By the way, you may prefer using the merge() function rather than the do.call(rbind,lapply(...)))
business.  I think the following call to merge will do about what you want (the row names differ -
if they are important it is possible to get them with some minor trickery):
    merge(data.frame(x=xt,y=yt), carbon.fit)
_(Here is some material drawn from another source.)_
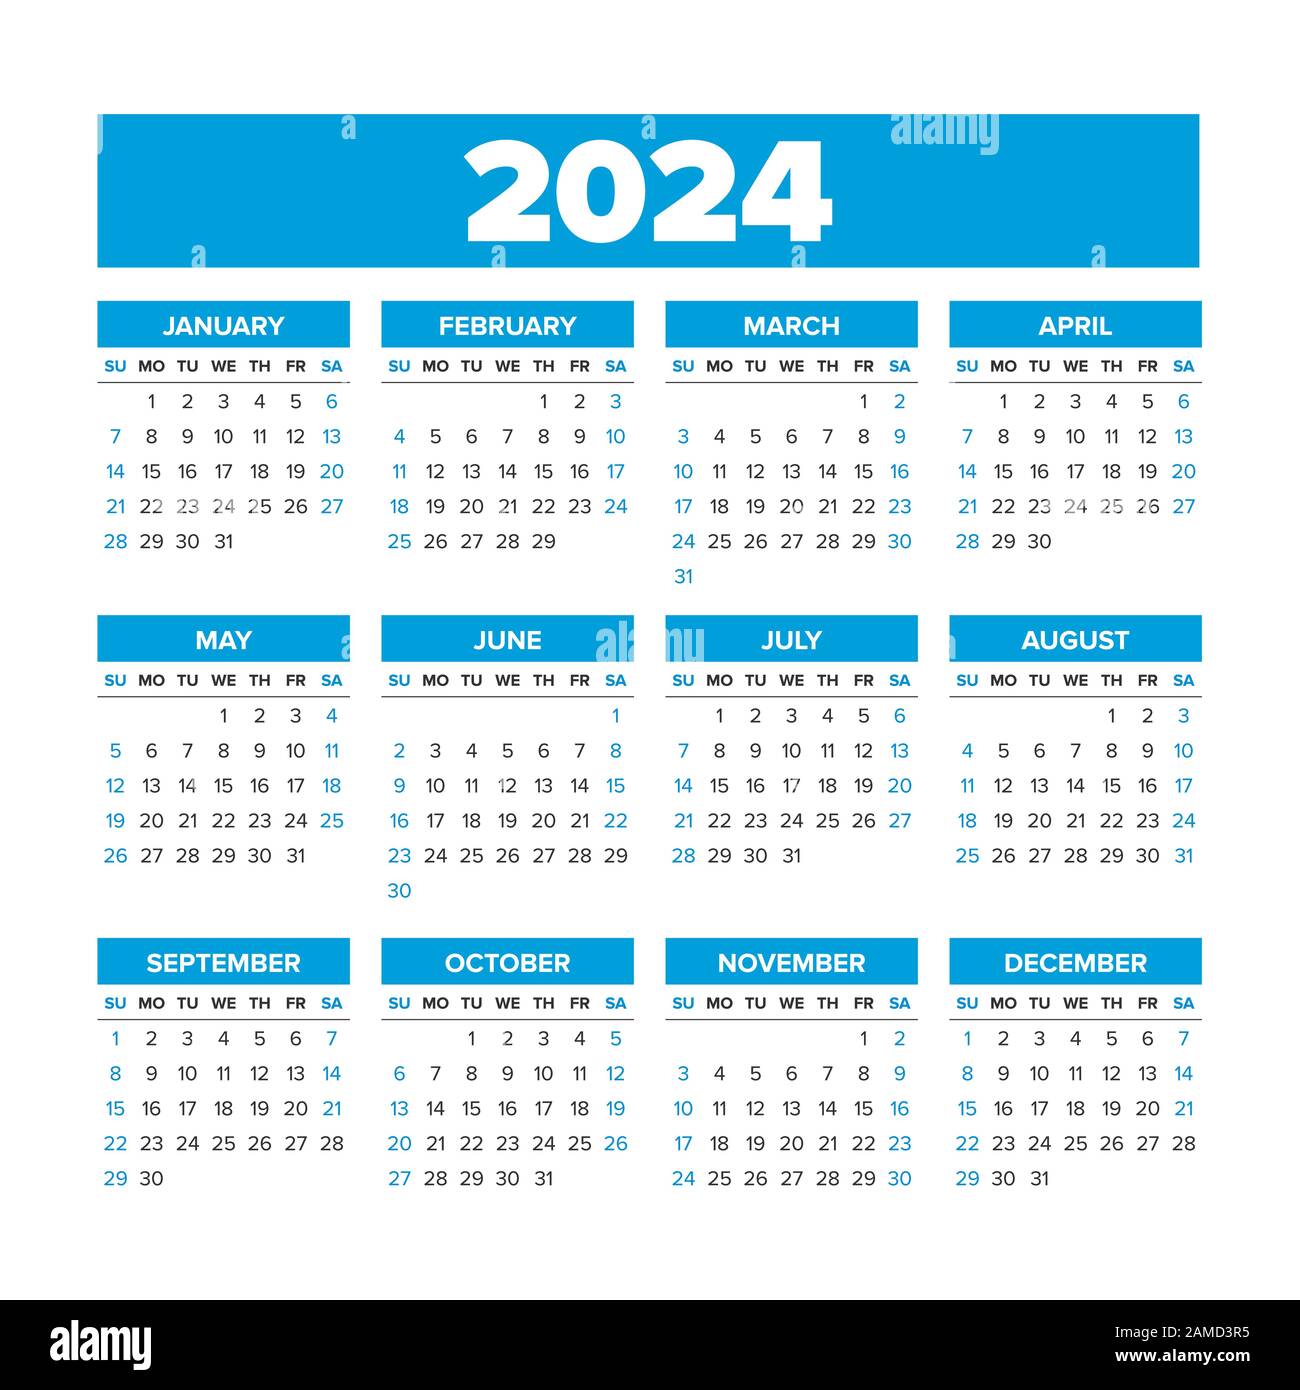 2024 Calendar With The Weeks Numbered 2021 Rey Kristyn

(You still want to round your numbers as before.)

Bill Dunlap
Spotfire, TIBCO Software
wdunlap tibco.com

> -----Original Message-----
> From: r-help-bounces at r-project.org [mailto:r-help-bounces at r-project.org] On Behalf
> Of arun
> Sent: Wednesday, July 03, 2013 10:15 PM
> To: Shaun ♥ Anika
> Cc: R help
> Subject: Re: [R] Subsetting multiple rows of a data frame at once
> 
> Hi,
> 
> carbon.fit = expand.grid(list(x=seq(0, 5, 0.01), y=seq(0, 5, 0.01)))
>  dim(carbon.fit)
> #[1] 251001      2
> 
> 
>  xtNew<-sprintf("%.2f",xt)
>  ytNew<- sprintf("%.2f",yt)
>  carbon.fit[]<- lapply(carbon.fit,function(x) sprintf("%.2f",x))
> res<-do.call(rbind,lapply(seq_along(xtNew),function(i)
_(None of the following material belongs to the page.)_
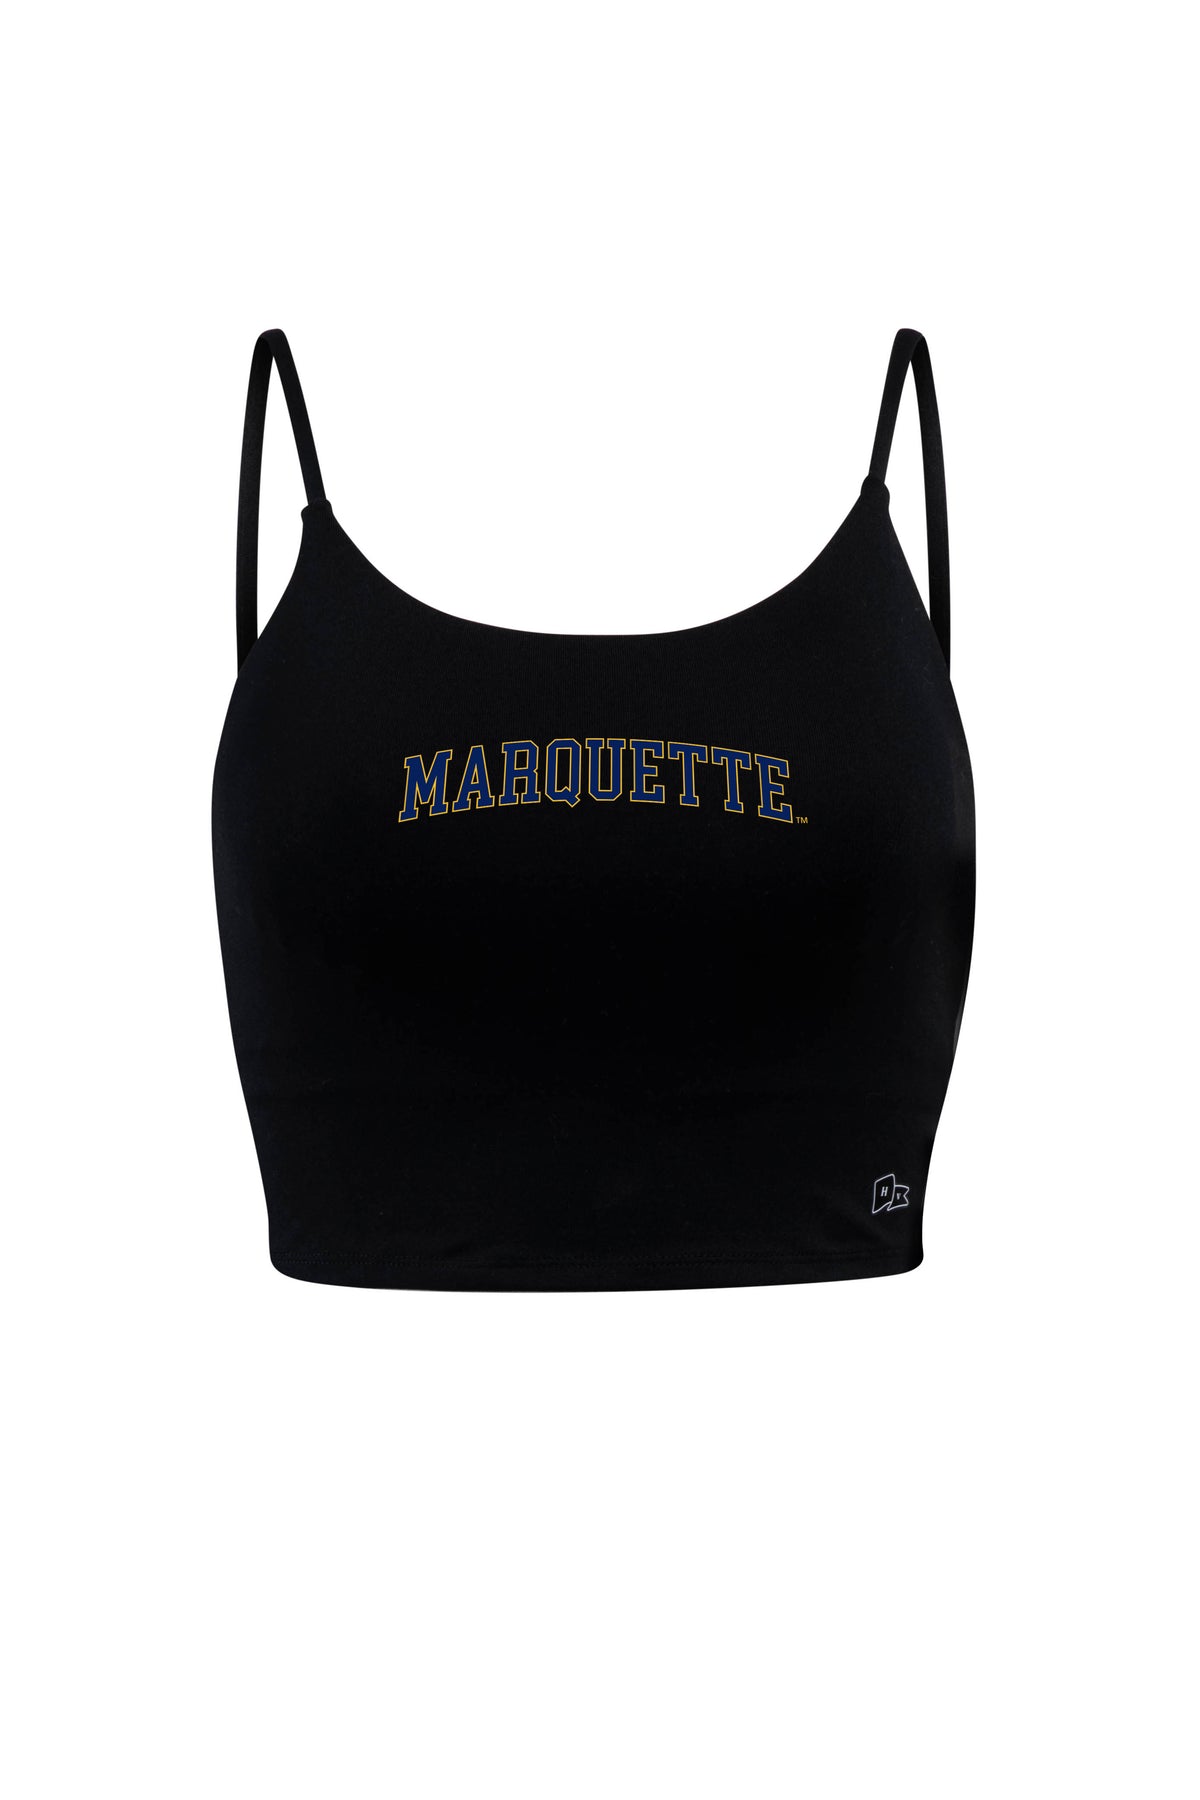 Marquette University Bra Tank Top

> subset(carbon.fit,x==xtNew[i]&y==ytNew[i])))
>  nrow(res)
> #[1] 28
> res
> #          x    y
> #12631  1.05 0.25
> #5296   2.85 0.10
> #45431  3.40 0.90
> #12951  4.25 0.25
> #52631  0.25 1.05
> #85476  3.05 1.70
> #103076 3.70 2.05
> #145311 0.20 2.90
> #117766 0.30 2.35
> #130331 0.70 2.60
> #127861 1.05 2.55
> #107836 1.20 2.15
> #137916 1.40 2.75
> #102896 1.90 2.05
> #135541 2.70 2.70
> #113051 3.25 2.25
> #128111 3.55 2.55
> #103166 4.60 2.05
> #183071 2.05 3.65
> #153021 2.15 3.05
> #150671 3.70 3.00
> #175836 4.85 3.50
> #188366 4.90 3.75
> #243146 1.60 4.85
> #225696 2.45 4.50
> #225771 3.20 4.50
> #168226 3.90 3.35
> #245936 4.45 4.90
> A.K.
> 
> 
> ________________________________
> From: Shaun ♥ Anika <pro_patto at hotmail.com>
> To: "smartpink111 at yahoo.com" <smartpink111 at yahoo.com>
> Sent: Thursday, July 4, 2013 12:08 AM
> Subject: RE: Subsetting multiple rows of a data frame at once
> 
> 
> 
> 
> Hi There,
> i can give you the data needed to perform this task...
> 
> library(akima)
> library(fields)
> 
> xt<- c(1.05, 2.85, 3.40, 4.25, 0.25, 3.05, 3.70, 0.20, 0.30, 0.70, 1.05, 1.20, 1.40, 1.90,
> 2.70, 3.25, 3.55, 4.60, 2.05, 2.15, 3.70, 4.85, 4.90, 1.60, 2.45, 3.20, 3.90, 4.45)
> 
> yt<- c(0.25, 0.10, 0.90, 0.25, 1.05, 1.70, 2.05, 2.90, 2.35, 2.60, 2.55, 2.15, 2.75, 2.05,
> 2.70, 2.25, 2.55, 2.05, 3.65, 3.05, 3.00, 3.50, 3.75, 4.85, 4.50, 4.50, 3.35, 4.90)
> 
> xs<- c(0.45, 1.05, 2.75, 3.30, 4.95, 0.40, 1.05, 2.30, 3.45, 4.60, 0.05, 1.95, 2.95, 3.70,
> 4.55, 0.75, 1.60, 2.10, 3.60, 4.90, 0.05, 1.35, 2.60, 3.40, 4.25)
> 
> ys<- c(0.45, 0.95, 0.75, 0.95, 0.10, 1.90, 1.45, 1.25, 1.45, 1.05, 2.85, 2.60, 2.05, 2.60,
> 2.55, 3.75, 3.30, 3.95, 3.45, 3.70, 4.95, 4.35, 4.55, 4.40, 4.95)
> 
> carbon<- c(1.43, 1.82, 1.40, 1.43, 1.96, 1.61, 1.91, 1.53, 1.17, 1.83, 2.43, 2.02, 1.66,
> 2.45, 2.46, 1.39, 1.10, 1.38, 1.91, 2.13, 1.88, 1.26, 2.15, 1.89, 1.69)
> 
> carbon.df=data.frame(x=xs,y=ys,z=carbon)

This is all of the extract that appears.